Curated weekly oil and gas newsletter
Oil Prices and Markets
+ Fast Facts – Houston Chronicle “Fuel Fix”
Light, sweet crude (dollars per barrel): $57.72
Last Week: $57.24
Natural Gas (dollars per million British thermal units): $2.69
Last Week: $2.79
Rig count (United States): 806
Last Week: 817
IoT
+ More data than oil: bandwidth poised to become next bottleneck in the Permian Basin – Houston Chronicle
At first, there were not enough pipelines to move oil and natural gas to market. Then, it was a lack of water for drilling and hydraulic fracturing operations. And then it was an insufficient number of disposal sites to handle all the wastewater from the oil fields. Now, bandwidth — the capacity to transmit data over the internet — is poised to become the next big bottleneck in the Permian Basin, the nation’s largest and busiest oil field (Houston Chronicle).
If that’s not the greatest intro to an article, I don’t know what is. Sergio Chapa poignantly alludes to the brutal environment of West Texas, where nothing is ever easy.
The article has a prevailing theme, that the business case for infrastructure investment for carriers like Verizon and AT&T isn’t really there for the vast, expansive Permian.
“Operators in places like the Permian are starting to say that they’re producing more data than oil,” Bonny said. “That’s something to think about.”
For now, a lot of improvised, temporary solutions are commonplace in the Permian. If the basin is to flourish into the long-term cash cow that so many hope it to be, there has to be a consortium or combined effort of some sort on the infrastructure side.
Oil Demand
+ Growth in global oil demand more than doubled in the third quarter, IEA reveals – CNBC
IEA Week
A slew of IEA reports just in time for Thanksgiving. Dig in!
Global Energy Outlook
+World energy outlook 2019 highlights deep disparities in the global energy system – IEA
+ World energy outlook 2019 – IEA
On November 13th, the IEA released its latest World Energy Outlook.
For reports such as these, the IEA is merely a metrologist, forecasting well into the future with an inevitable amount of error. Still, the highlights from the report can offer those interested in the industry some valuable insight into the prevailing questions surrounding the energy market today, and the world to come.
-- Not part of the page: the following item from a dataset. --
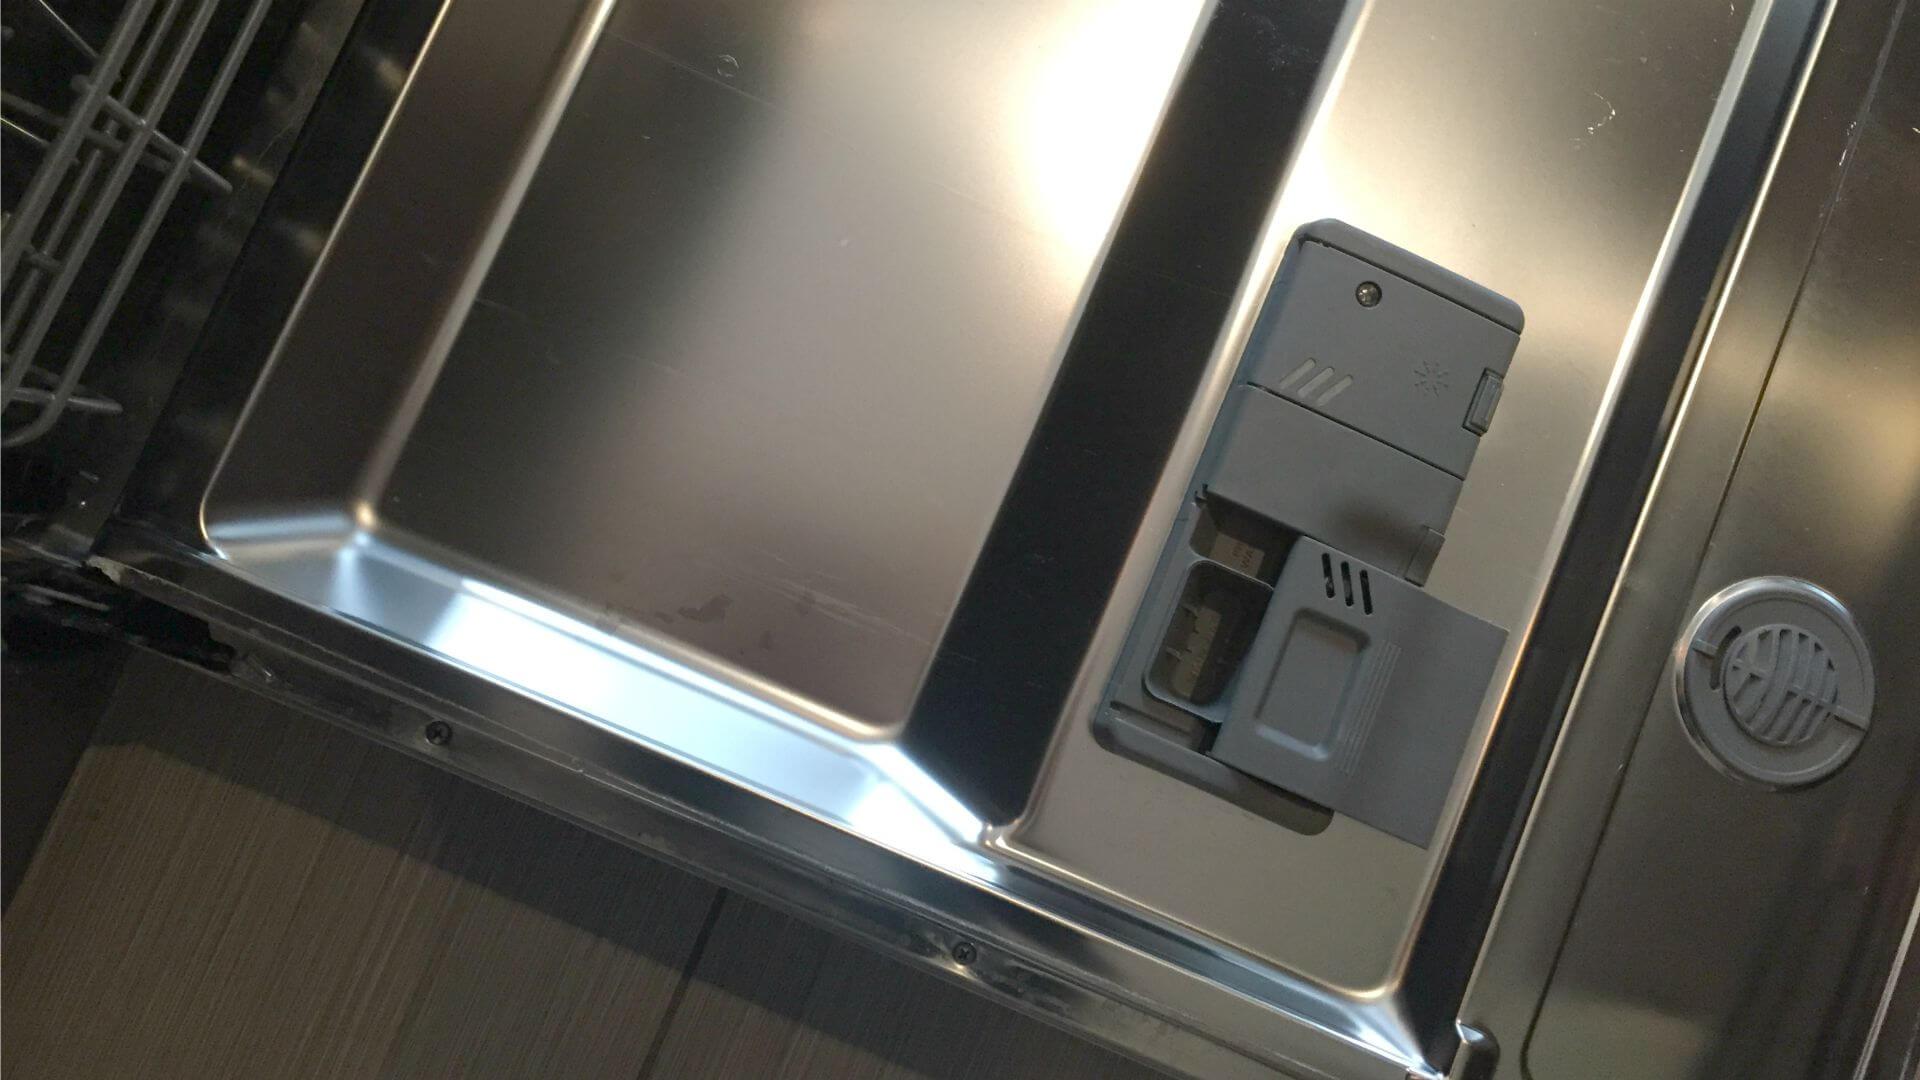 De-Gunk Your Dishwasher with Finish!

Key questions tackled in the report include the following:
* What do the shale revolution, the rise of liquefied natural gas, the falling costs of renewables and the spread of digital technologies mean for tomorrow’s energy supply?
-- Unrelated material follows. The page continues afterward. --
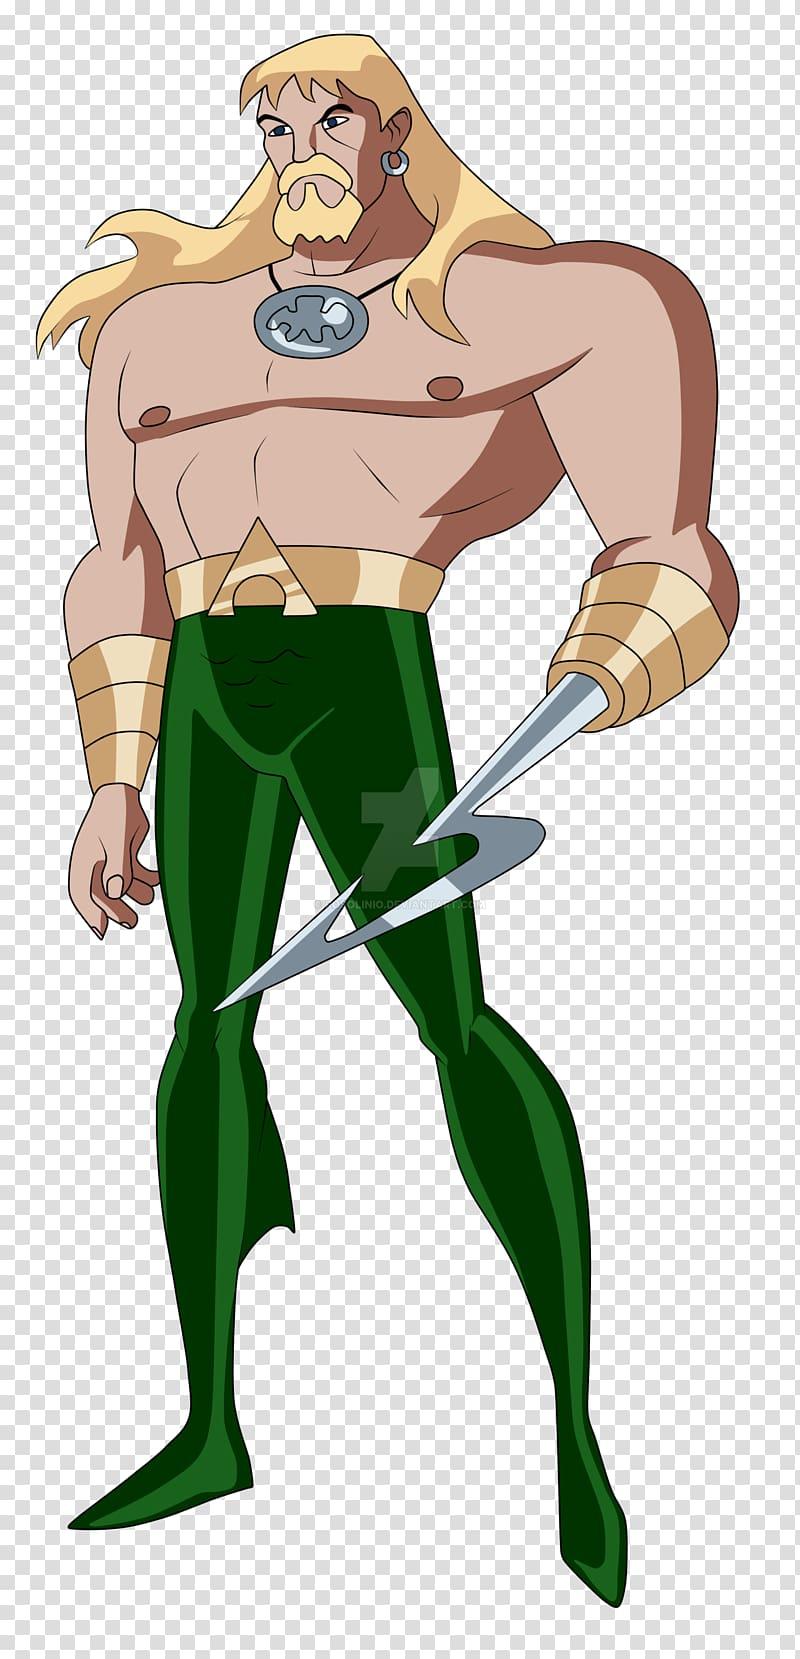 Aquaman Green Lantern Superman Diana Prince Comics, aquaman.

* How can the world get on a pathway to meet global climate targets and other sustainable energy goals?
* What are the energy choices that will shape Africa’s future, and how might the rise of the African consumer affect global trends?
* How large a role could offshore wind play in the transformation of the energy sector?
* Could the world’s gas grids one day deliver low-carbon energy?
Today, 850 million people around the world lack access to electricity, a painful reminder that while developing nations attempt to find a balance between renewable and unrenewable sources of energy, many people aren’t afforded that luxury.
The IEA’s report aims to juggle the conflicting needs of fewer greenhouse emissions, but also higher anticipated energy demand. The IEA estimates that greenhouse gas emissions will need to decrease despite insufficient state and international efforts. Energy demand is expected to rise by 1.3% a year to 2040.
The report also includes recommendations and forecasts based on the Current Policies Scenario, the Stated Policies Scenario, and the Sustainable Development Scenario. The scenarios, as quoted from the IEA, are as follows:
The path the world is on right now is shown by the Current Policies Scenario, which provides a baseline picture of how global energy systems would evolve if governments make no changes to their existing policies. In this scenario, energy demand rises by 1.3% a year to 2040, resulting in strains across all aspects of energy markets and a continued strong upward march in energy-related emissions (IEA).
The Stated Policies Scenario, formerly known as the New Policies Scenario, incorporates today’s policy intentions and targets in addition to existing measures. The aim is to hold up a mirror to today’s plans and illustrate their consequences. The future outlined in this scenario is still well off track from the aim of a secure and sustainable energy future. It describes a world in 2040 where hundreds of millions of people still go without access to electricity, where pollution-related premature deaths remain around today’s elevated levels, and where CO2 emissions would lock in severe impacts from climate change (IEA).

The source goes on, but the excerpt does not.